§ **Directions for this task**
Before you return the lines below, strip out any images and keep every word as written.

§ **Data extract**

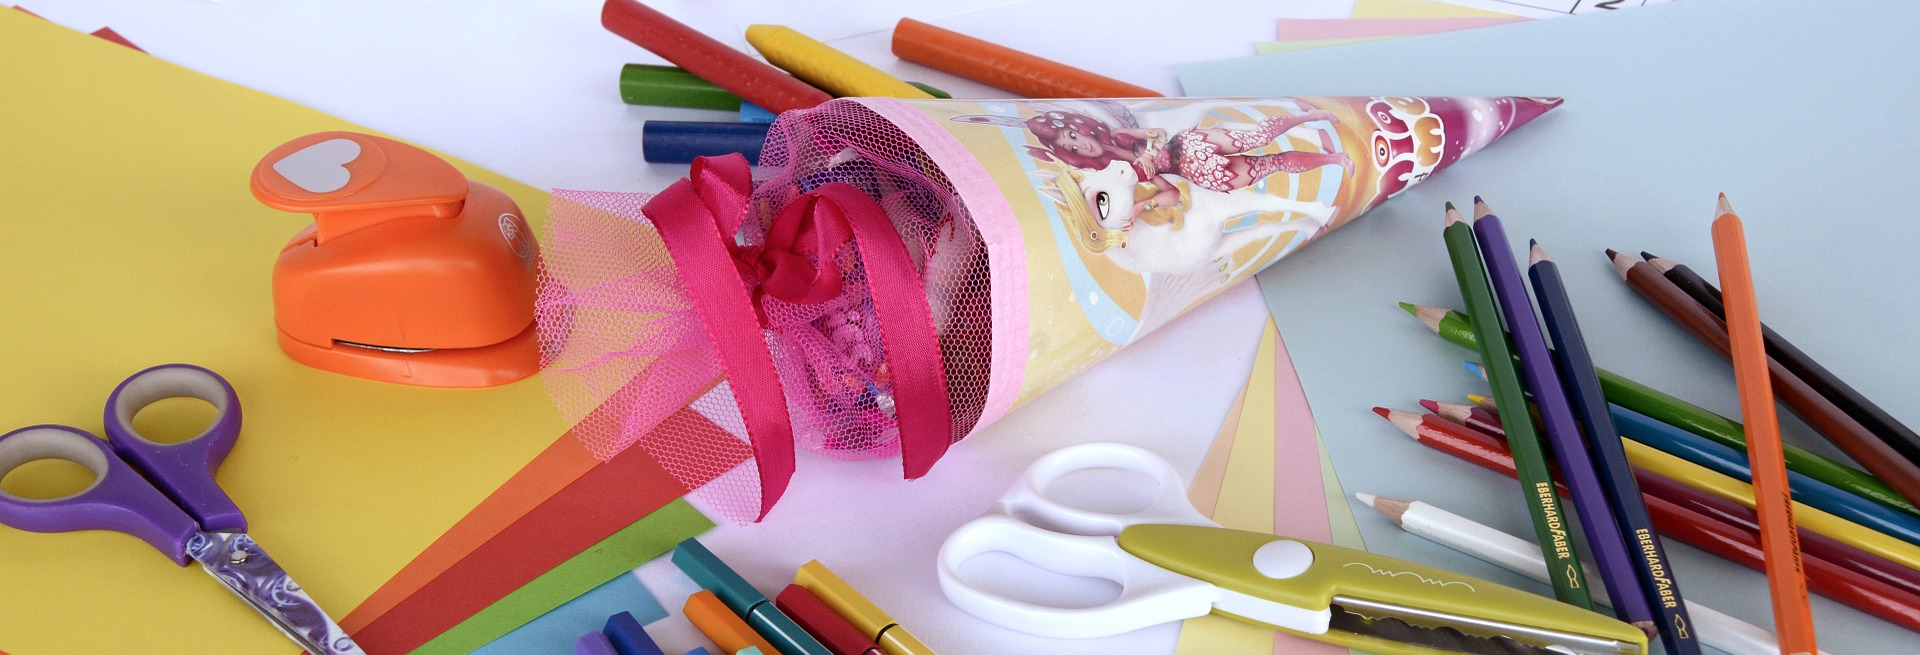 DIY - Selbstgemachter Klebstoff für Kinder
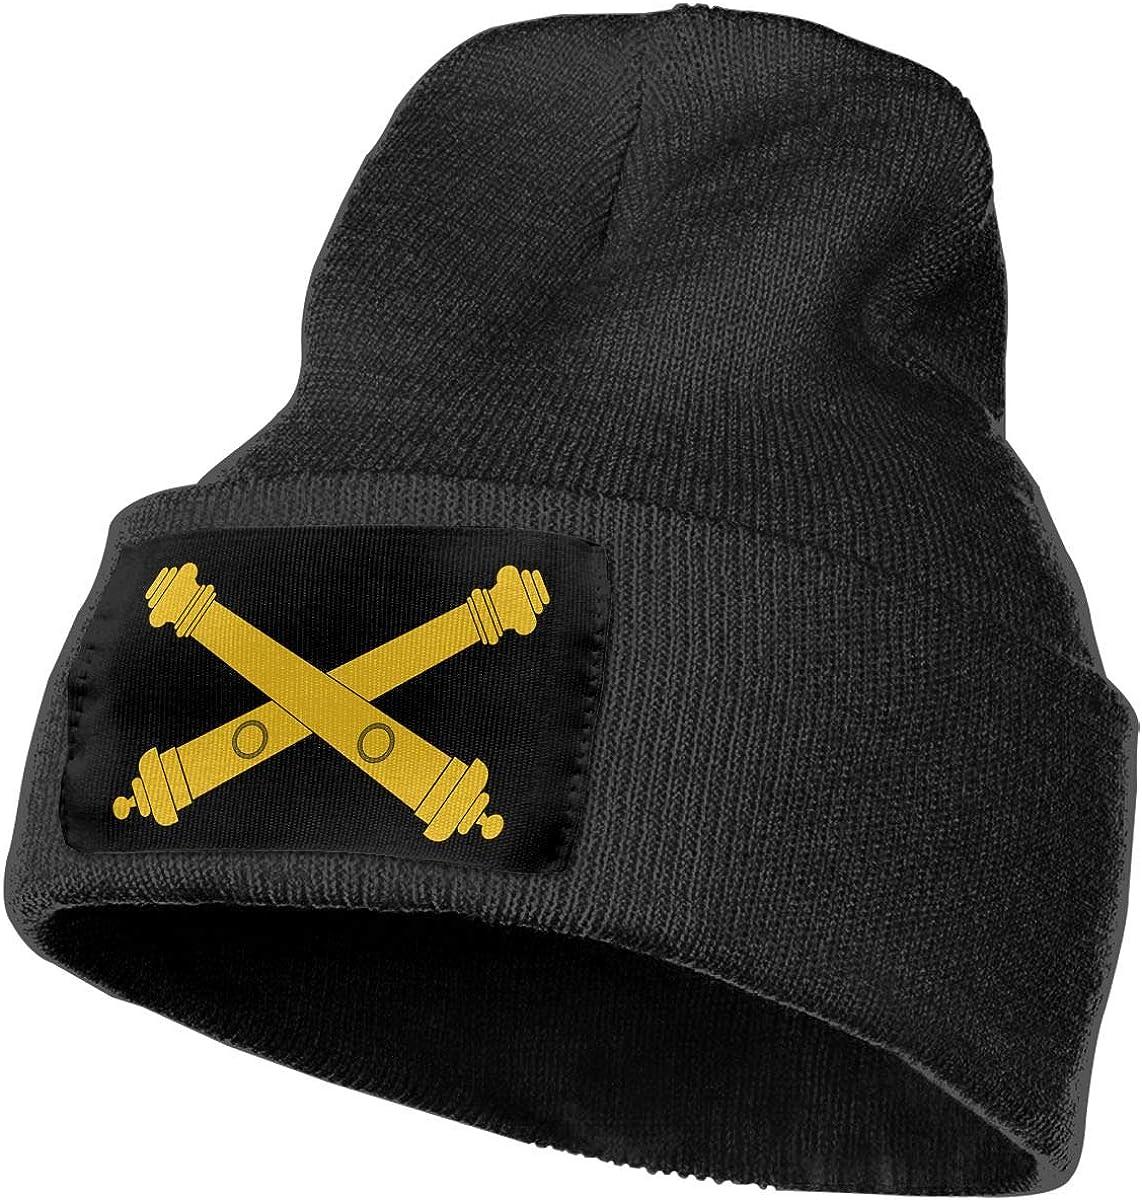 Mens/&Womens Army Field Artillery Logo Beanie Cap Thick,Soft,Warm Slouchy Knit Hat Winter Soft Ski Cap
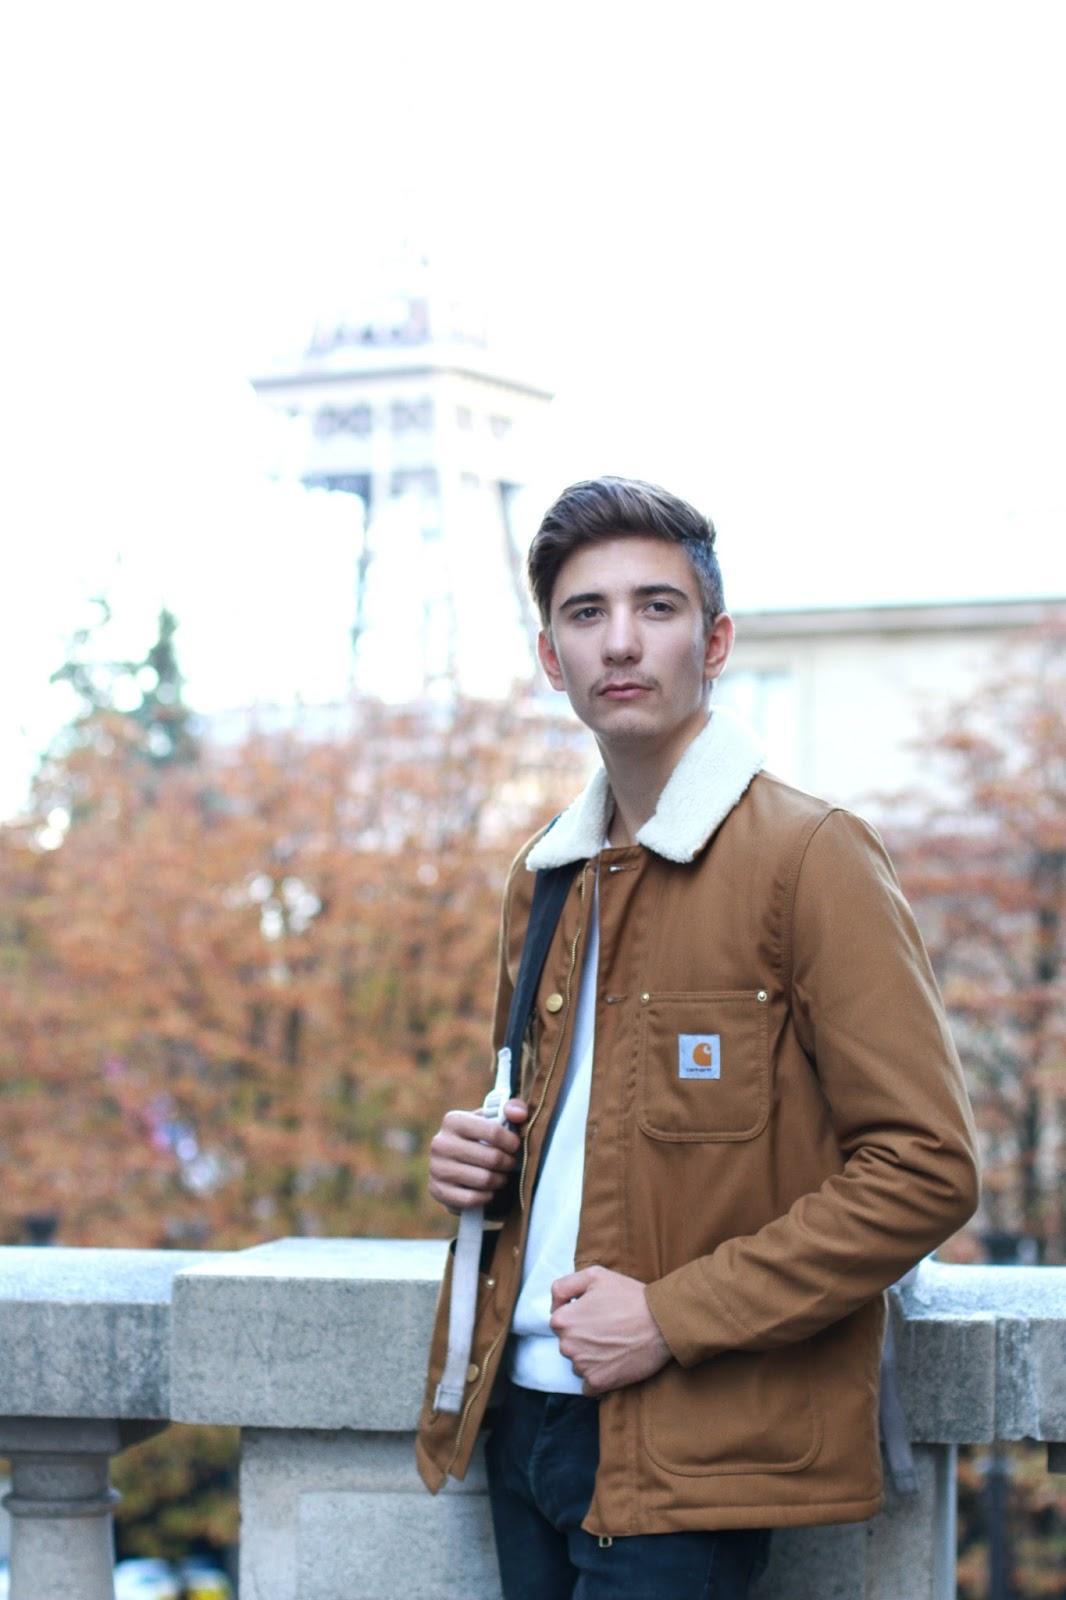 guillaume-mayer-vilerance-blog-mode-homme-tendances
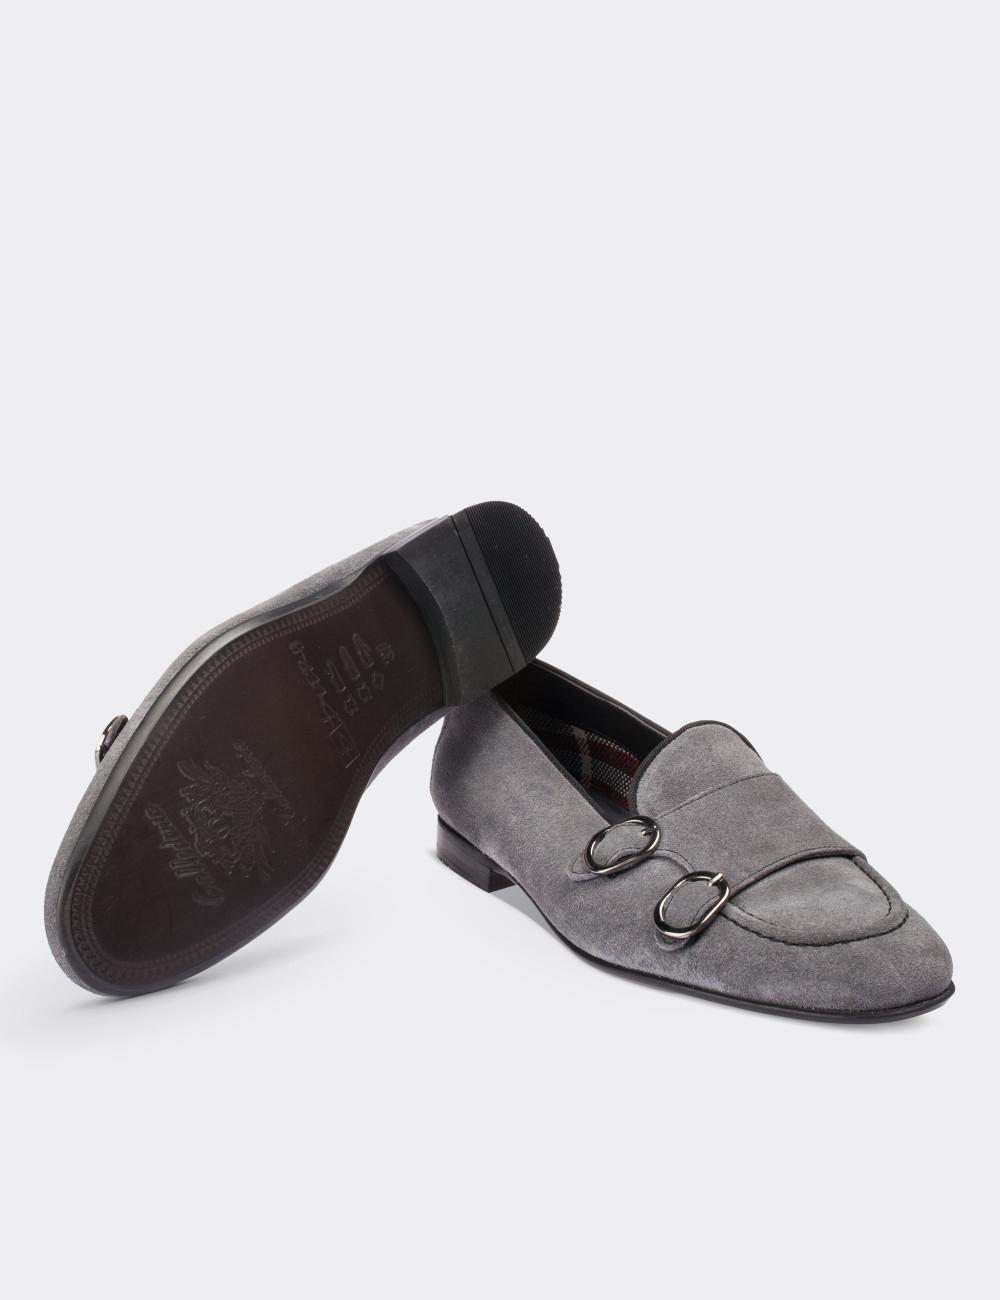 3ffb2f0c8cec5 Gray Suede Calfskin Loafers - 01617ZGRIM01

§ **Exercise result**
 DIY - Selbstgemachter Klebstoff für Kinder
 Mens/&Womens Army Field Artillery Logo Beanie Cap Thick,Soft,Warm Slouchy Knit Hat Winter Soft Ski Cap
 guillaume-mayer-vilerance-blog-mode-homme-tendances
 3ffb2f0c8cec5 Gray Suede Calfskin Loafers - 01617ZGRIM01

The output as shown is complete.